Nature of xruns
I never paid attention to mentions of xruns since I rarely got
them using a stock Fedora 8 kernel (and F6 before that) on a
x86_64 architecture, 4GB RAM. Yesterday though, I got plenty of
them and my observation is that in this case any real-time
feature associated to the kernel does not matter. In this case
the xruns are made by the way applications handles
stuff (whatever that is). So that makes me think that there
ought to be a guideline, a best practices in developing Linux
audio/jack applications.
Here's the observation setup.
First, the song. The song does not matter, It always plays
fine. The song is made by the use of Seq24 which drives several
soundfonts loaded by Qsynth in different engine instances, as
well as two sounds made by Zyn. Qsynth has several instances of
FluidR3_GM (120MB) and one SGM (250MB) loaded.
Second, the xruns. I take the outputs and drive them through
jackmix, add electric guitar line-in from a Vox amp, and have the
outputs of jackmix feed into Qarecord. Start recording. The
.wav result is polluted with xruns.
Third, same song w/o xruns. I terminate jackmix and Qarecord
and launch Ardour. I run all outputs into Ardour, and run the
electric guitar as well. Add some Freeverb and MultiEQ. Record.
No xruns at all in the resulting .wav file.
From this it is obvious that the application layer helps a lot
in promoting xruns. It is safe to assume that Qarecord is a
quick hack.

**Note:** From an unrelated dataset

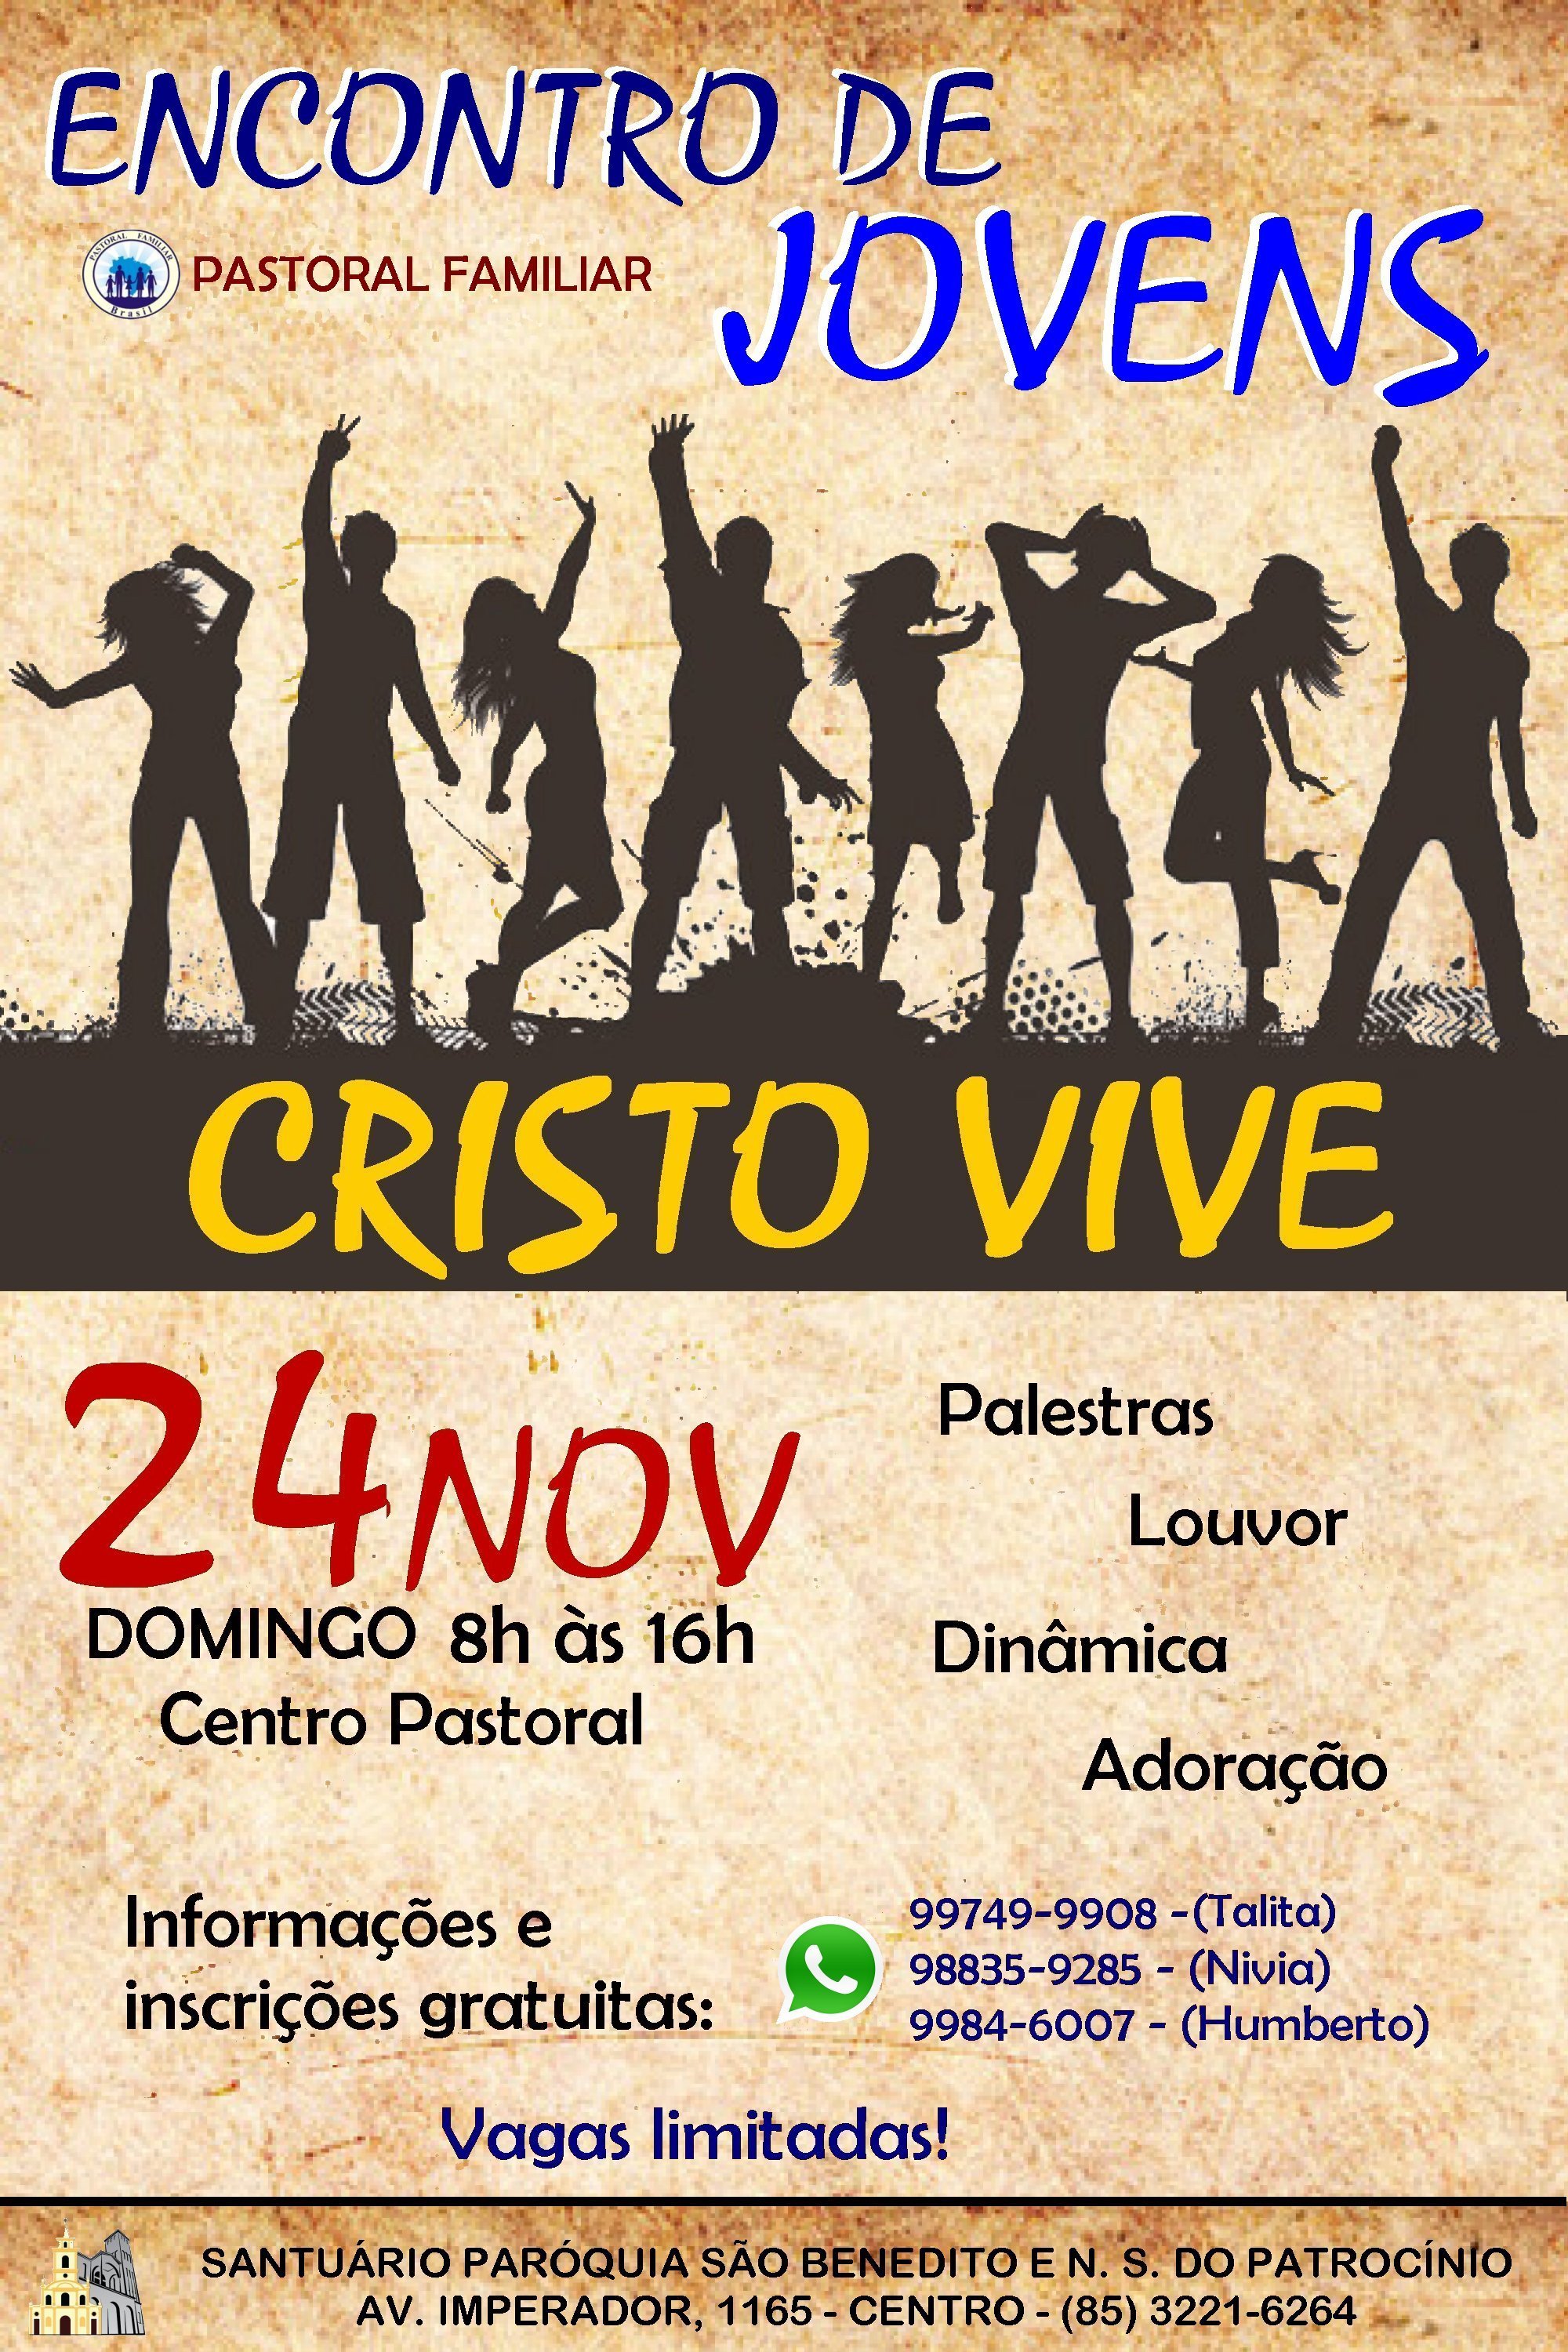 Encontro de Jovem “Cristo Vive” no dia 24/11 na Paróquia São Benedito. Participe!

But, there's seemingly a big difference in
application design regarding the handling of audio/jack stuff
between Qarecord and Ardour since one produces a festival of
xruns and the other none.
My question is, is there a guide/HOWTO around that addresses
the proper design of audio/jack applications or, is - in 2009 -
the only to know about that is by actually going through the source
code of successful Linux audio/jack applications ?
Cheers.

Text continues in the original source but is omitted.